Plusieurs facteurs expliquent ce décalage. Le goût des produits reste un frein majeur : la lassitude s’installe après quelques semaines de consommation du même arôme. La texture (boisson lactée, crème, jus) joue aussi sur l’acceptabilité. Un résident qui refuse un Fresubin vanille peut accepter un CNO sous forme de jus fruité.
La rotation des saveurs et des textures améliore l’observance sur la durée. Nous constatons qu’un stock limité à deux ou trois références dans la pharmacie de l’établissement conduit mécaniquement à des refus. La température de service compte également : un CNO lacté servi tiède sera rejeté plus souvent qu’un produit frais.
Complément alimentaire personne âgée en fin de vie : quand ne plus supplémenter
La question de l’arrêt des compléments alimentaires chez une personne âgée très dépendante en EHPAD est désormais abordée explicitement dans les recommandations. Un refus répété de s’alimenter peut relever d’une phase terminale, où l’objectif bascule de la restauration nutritionnelle vers l’accompagnement palliatif.
Maintenir des CNO chez un résident en fin de vie qui les refuse expose à plusieurs risques : fausses routes, inconfort digestif, perte de la dimension de plaisir du repas. Le projet de soins doit intégrer cette réflexion avec le médecin coordonnateur, l’équipe soignante et la famille.

La décision de ne plus supplémenter n’est pas un abandon thérapeutique. Elle s’inscrit dans une démarche palliative documentée, où les soins de bouche, l’hydratation de confort et les petites quantités d’aliments plaisir prennent le relais.
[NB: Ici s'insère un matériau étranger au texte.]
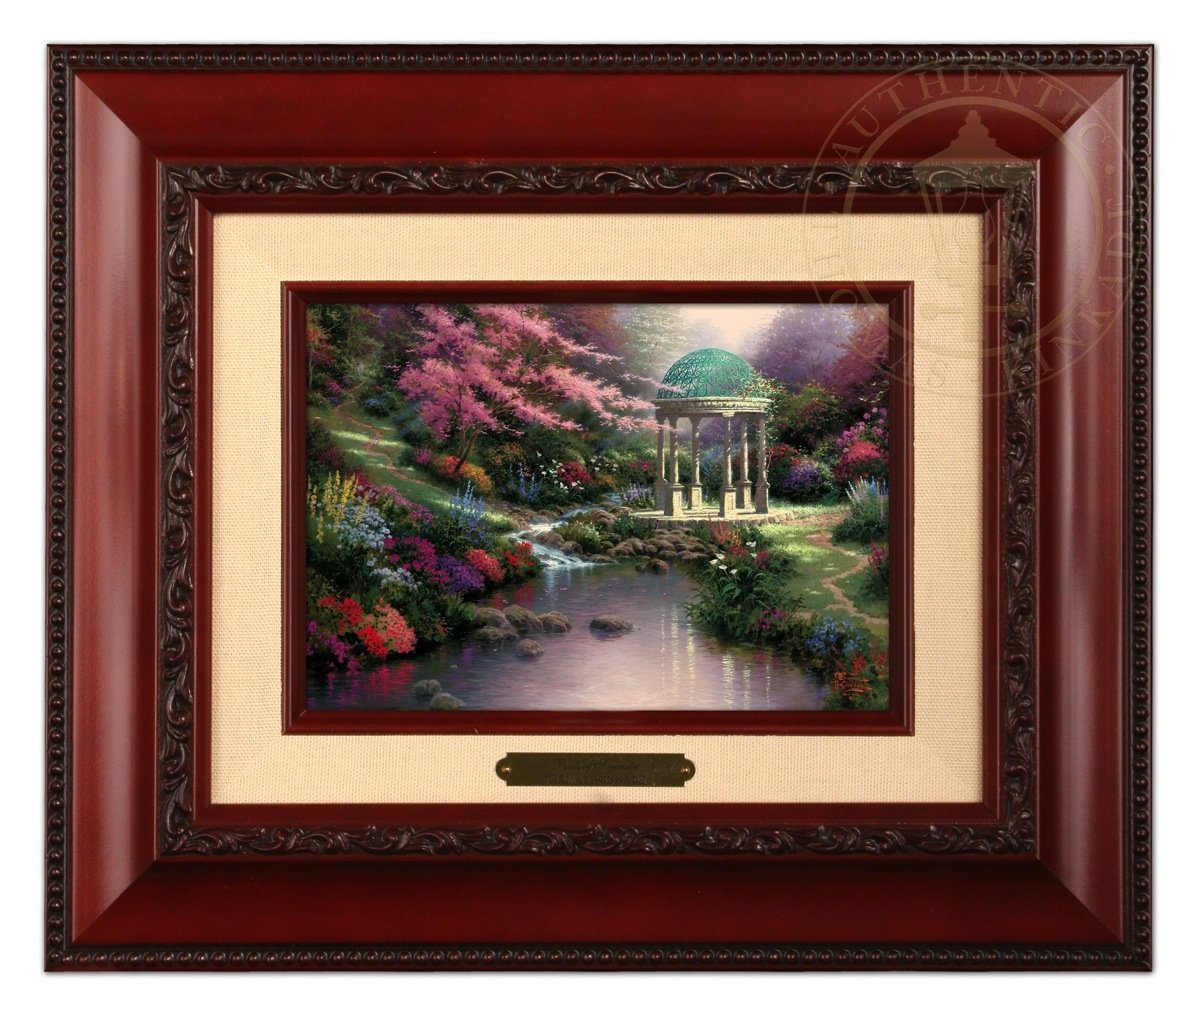 Thomas Kinkade Pools of Serenity Brushwork (Brandy Frame)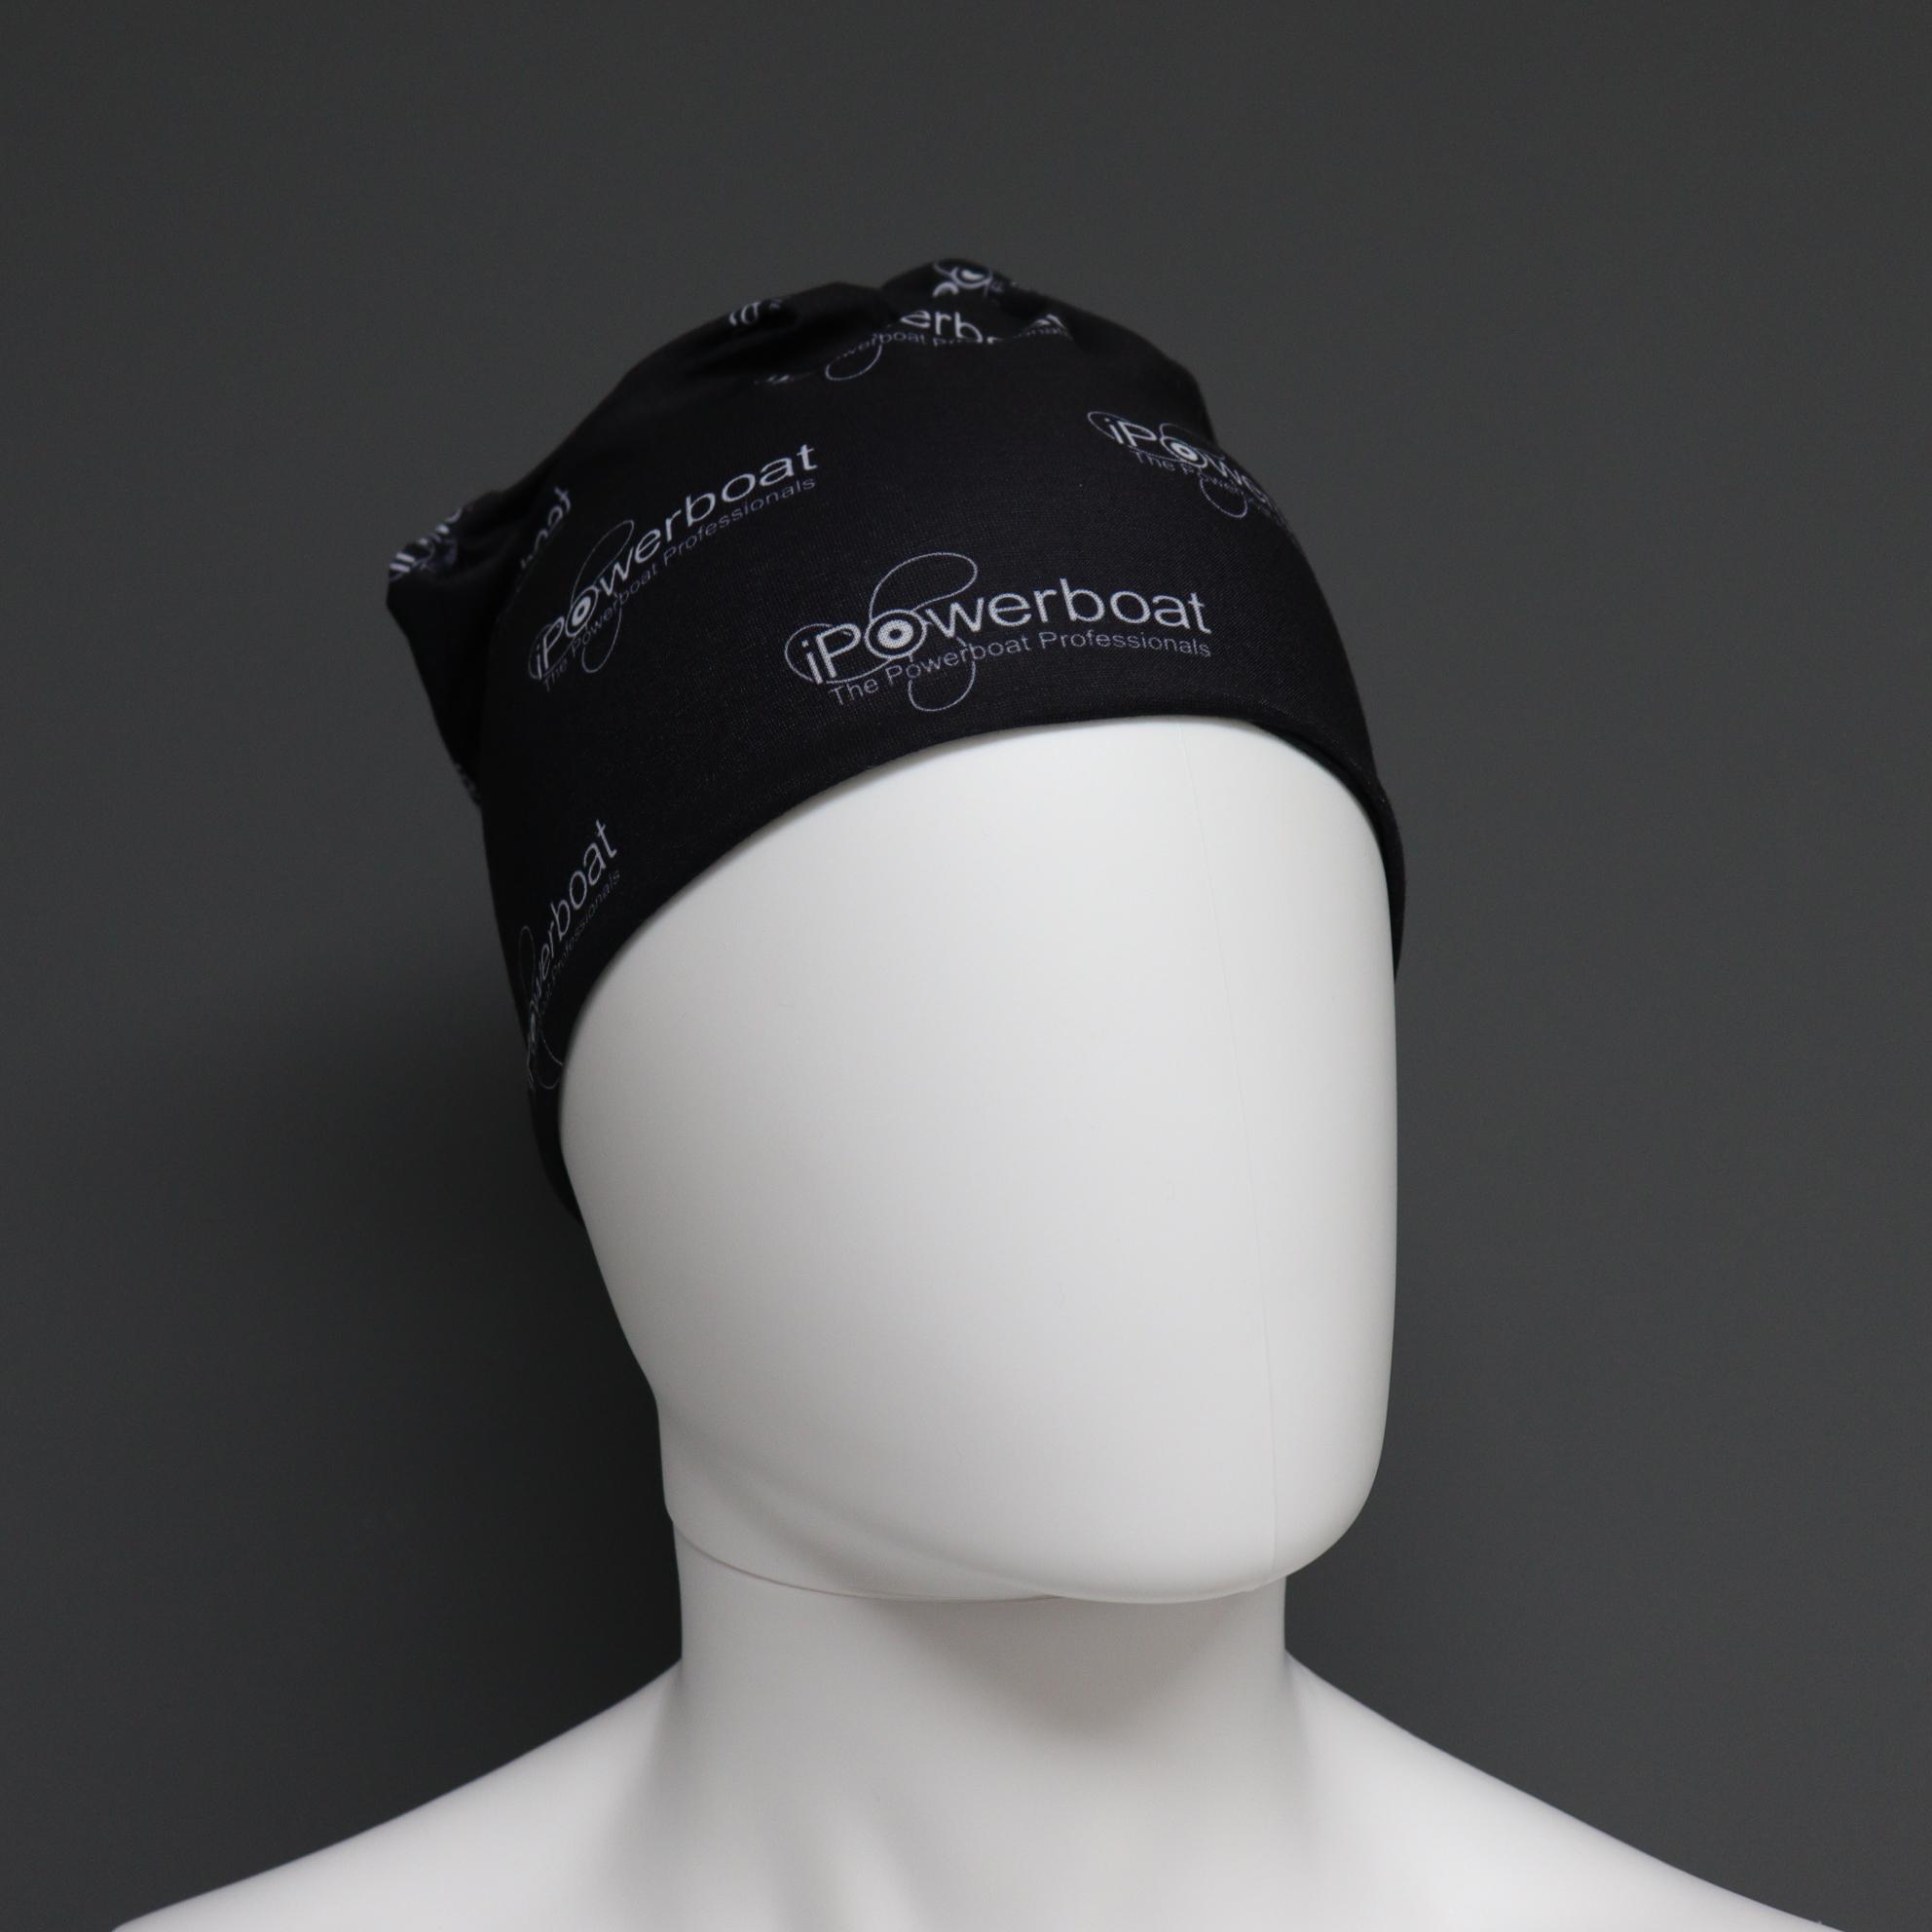 Custom Printed Buff Style Headwear - Powerboat

Coût et prise en charge des compléments nutritionnels oraux en établissement
La question sénatoriale posée en 2019 par Jean-Luc Fichet soulignait un angle rarement traité : les compléments alimentaires ne sont pas des médicaments et sont majoritairement non remboursés. En EHPAD, leur coût est généralement intégré au budget de l’établissement ou refacturé indirectement, sans transparence systématique pour les familles.
Les CNO prescrits sur ordonnance par un médecin et inscrits à la Liste des Produits et Prestations (LPP) bénéficient d’un remboursement par l’Assurance maladie. La distinction entre « complément alimentaire » (non remboursé, vendu librement) et « complément nutritionnel oral » (dispositif médical, remboursable sur prescription) reste floue pour beaucoup de familles et même pour certains soignants.
Les prix varient sensiblement entre deux produits similaires. Un établissement qui négocie ses achats en volume obtiendra des tarifs inférieurs, mais le choix du fournisseur ne doit pas primer sur l’acceptabilité par le résident.
La supplémentation en EHPAD relève d’une démarche clinique structurée, pas d’un automatisme. Diagnostic formalisé, enrichissement alimentaire en première ligne, suivi de l’observance réelle, réévaluation régulière et réflexion éthique en fin de vie : chaque étape conditionne la pertinence de la suivante. Un CNO bien prescrit et effectivement consommé améliore le statut nutritionnel. Un CNO prescrit par défaut, mal toléré et jamais réévalué encombre le chariot sans bénéfice pour le résident.